Ногти слонопотамов имели пять возможных форм: круглые, форму ромба, квадратные, треугольные и прямоугольные. Относительно каждой из этих форм существовали все более усложняющиеся представления о том, в какой цвет красиво окрашивать ногти данной формы, в зависимости от цвета других ногтей.

Чтобы сигнализировать о своих намерениях другой особи, слонопотамы приставляли ногти разной формы друг к другу. Самым важным знаком, получаемым составлением ногтей, была стрелка: прямоугольный или квадратный ноготь, к которому справа или слева примыкал треугольный. Стрелка направо сигнализировала серьезные намерения, стрелка налево, наоборот, фривольные. Стрелку можно было получить приставлением одной ноги к другой, а также всегда иметь включенной в выбранный для определенной ноги рисунок ногтей.
Ввиду важности стрелки, в обычай вошло, чтобы крупные слонопотамы давали понять более мелким, когда следует образовать знак стрелки. Крупный слонопотам становился напротив мелкого, а иногда и достаточно крупного другого слонопотама, и образовывал из своих ногтей знак стрелки. Это служило сигналом, который игнорировать считалось дурным тоном, и иногда даже опасным, что другой особи следует сделать то же самое: образовать стрелку. Единственное, с чем возникали разногласия, это направление: в некоторых случаях считалось правильным принять во внимание зеркальное расположение особей, то есть тот факт, что мелкий слонопотам видит как правую левую сторону стоящего напротив крупного слонопотама. В других случаях, наоборот, та сторона стоящего напротив слонопотама, которая для зрителя и имитатора была правой, оставалась правой, левая – оставалась левой.
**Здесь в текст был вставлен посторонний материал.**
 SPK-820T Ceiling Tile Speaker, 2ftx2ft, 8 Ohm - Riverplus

Никто не мог сказать, отчего в точности это зависит.

Из ногтей различной формы можно было составлять цветочки, звездочки, знаки восьмерки. Два треугольных ногтя, составленных вместе, давали в сумме ромбик, но значение его было иным, чем значение нерасчлененного ромба, форму которого можно было придать одному из ногтей. Иногда кружочки выглядели как сердечки, треугольнички – как бутылки или вазочки с тонкой талией. Составляя ногти в эту довольно причудливую мозаику, слонопотамы показывали прямо-таки чудеса ловкости, гибкости и проворства.
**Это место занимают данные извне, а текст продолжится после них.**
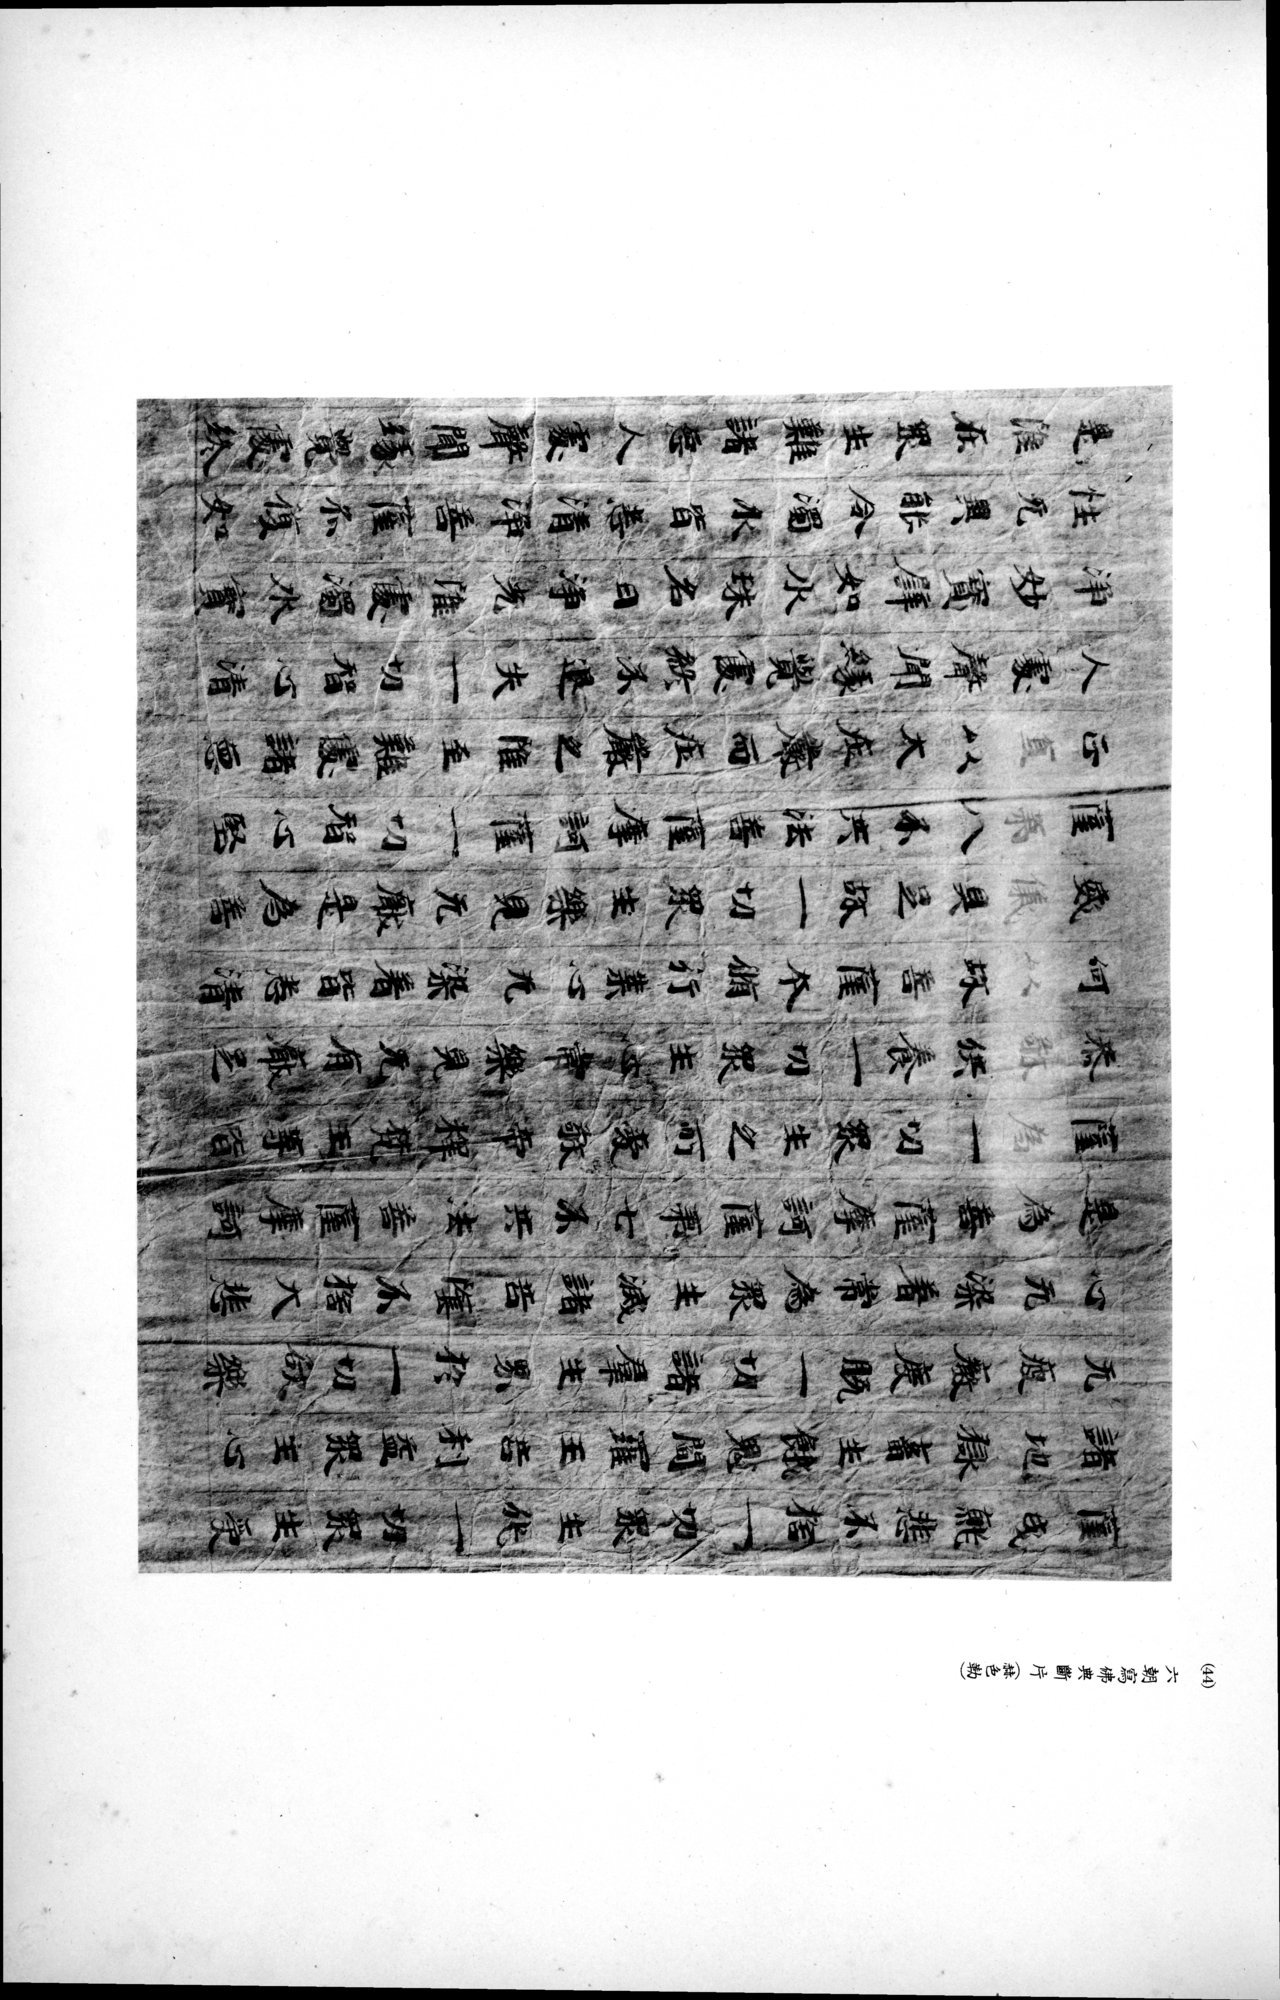 西域考古図譜 : vol.2 / Page 103 (Grayscale High Resolution Image)

Перекрашивание ногтей на ноге женского типа вызывало, трудно сказать почему, увеличение объема и, в некоторых случаях, даже увеличение ее длины. Возможно,
это было связано с не вполне осознаваемым внушением: постепенное наслоение сменяющих друг друга слоев лака вызывало увеличение объема. Со временем этот эффект начал дублироваться естественно, ростом самой ноги, и было уже практически невозможно сказать, какие изменения вызваны искусственно, наслоениями лака, а какие имеют, так сказать, естественный характер.
Ноги большего объема обладали большей устойчивостью, и, в случае возникновения конфликтов, давали своим владельцам преимущество.
Однако больший объем приводил к необходимости получать обувь большего размера из департамента обуви. С этим, во всяком случае, иногда, было связано нежелание слонопотамов менять цвет ногтей на ногах женского типа: это позволяло избежать ненужных хлопот.
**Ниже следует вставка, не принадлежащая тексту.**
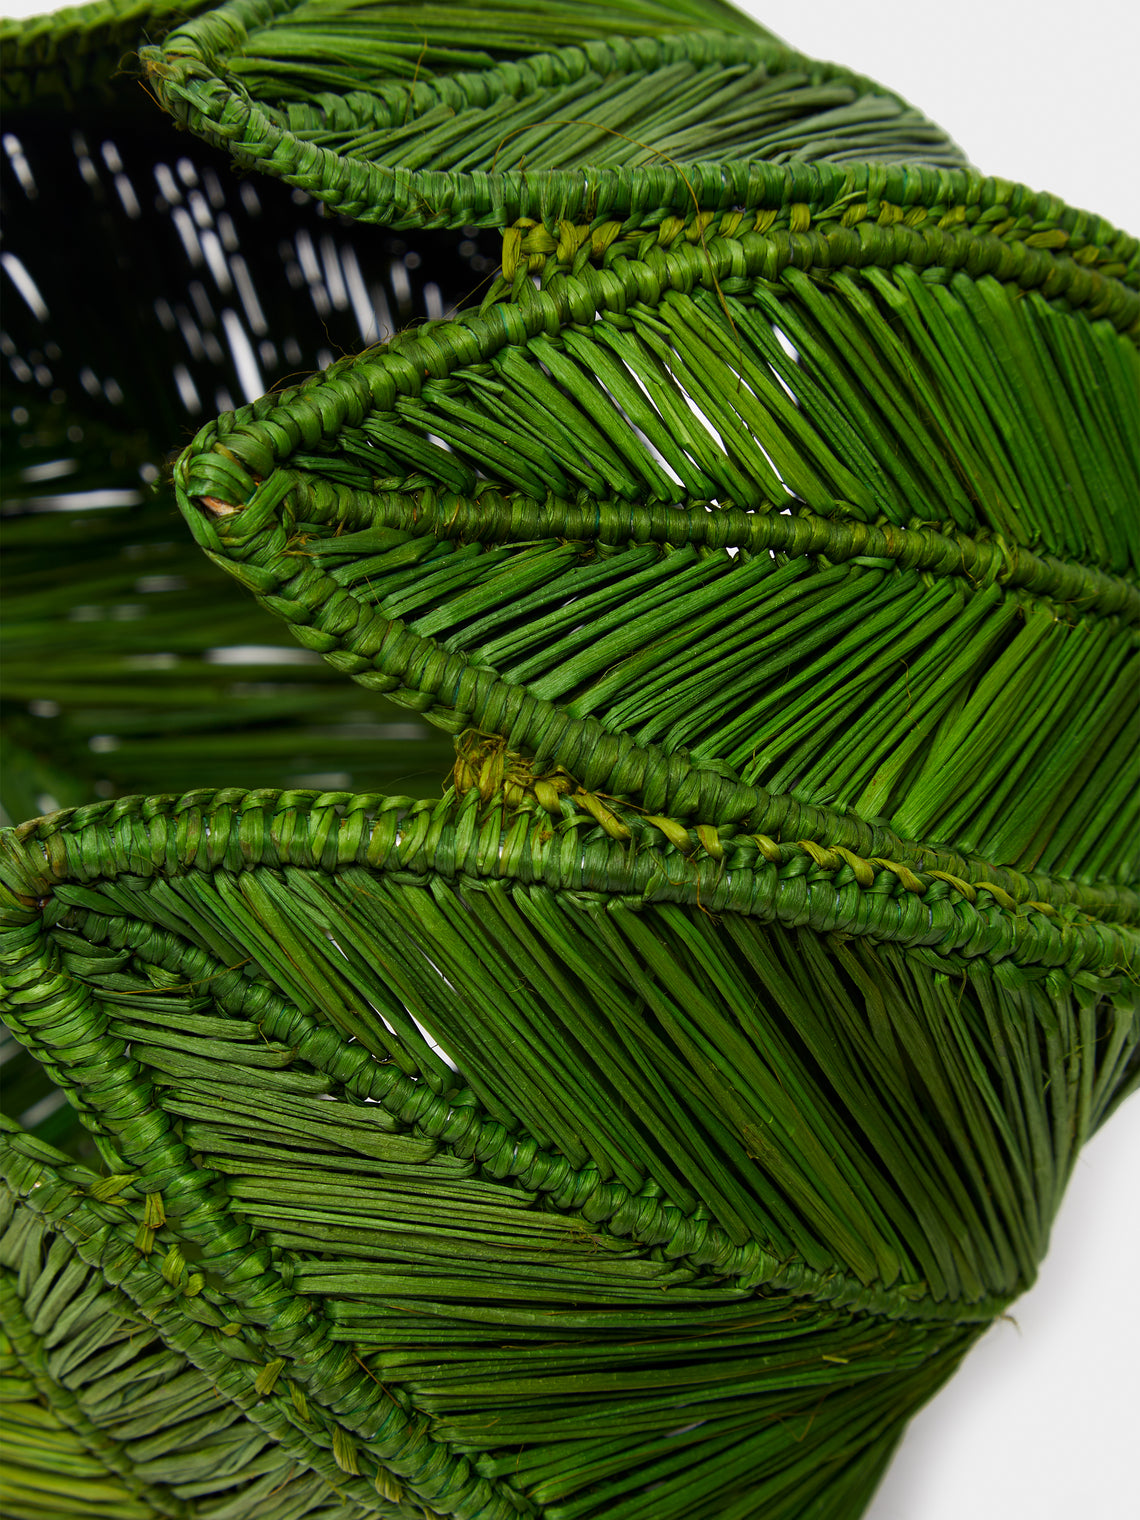 Artesanías del Atlántico - Handwoven Stromanthe Palm Vase - Green - ABASK

В некоторых случаях обувь прирастала к ноге, если ее носили достаточно долго, и это обстоятельство разрешало сложный вопрос о смене цвета лака навсегда:  приросший к ноге ботинок было невозможно снять, сменить цвет тоже не было возможно.
Конфликты в сообществе слонопотамов возникали, в основном, по поводу владения лаком определенного цвета, а также при решении вопроса о том, как менять цвет. Петя стал свидетелем нескольких таких случаев.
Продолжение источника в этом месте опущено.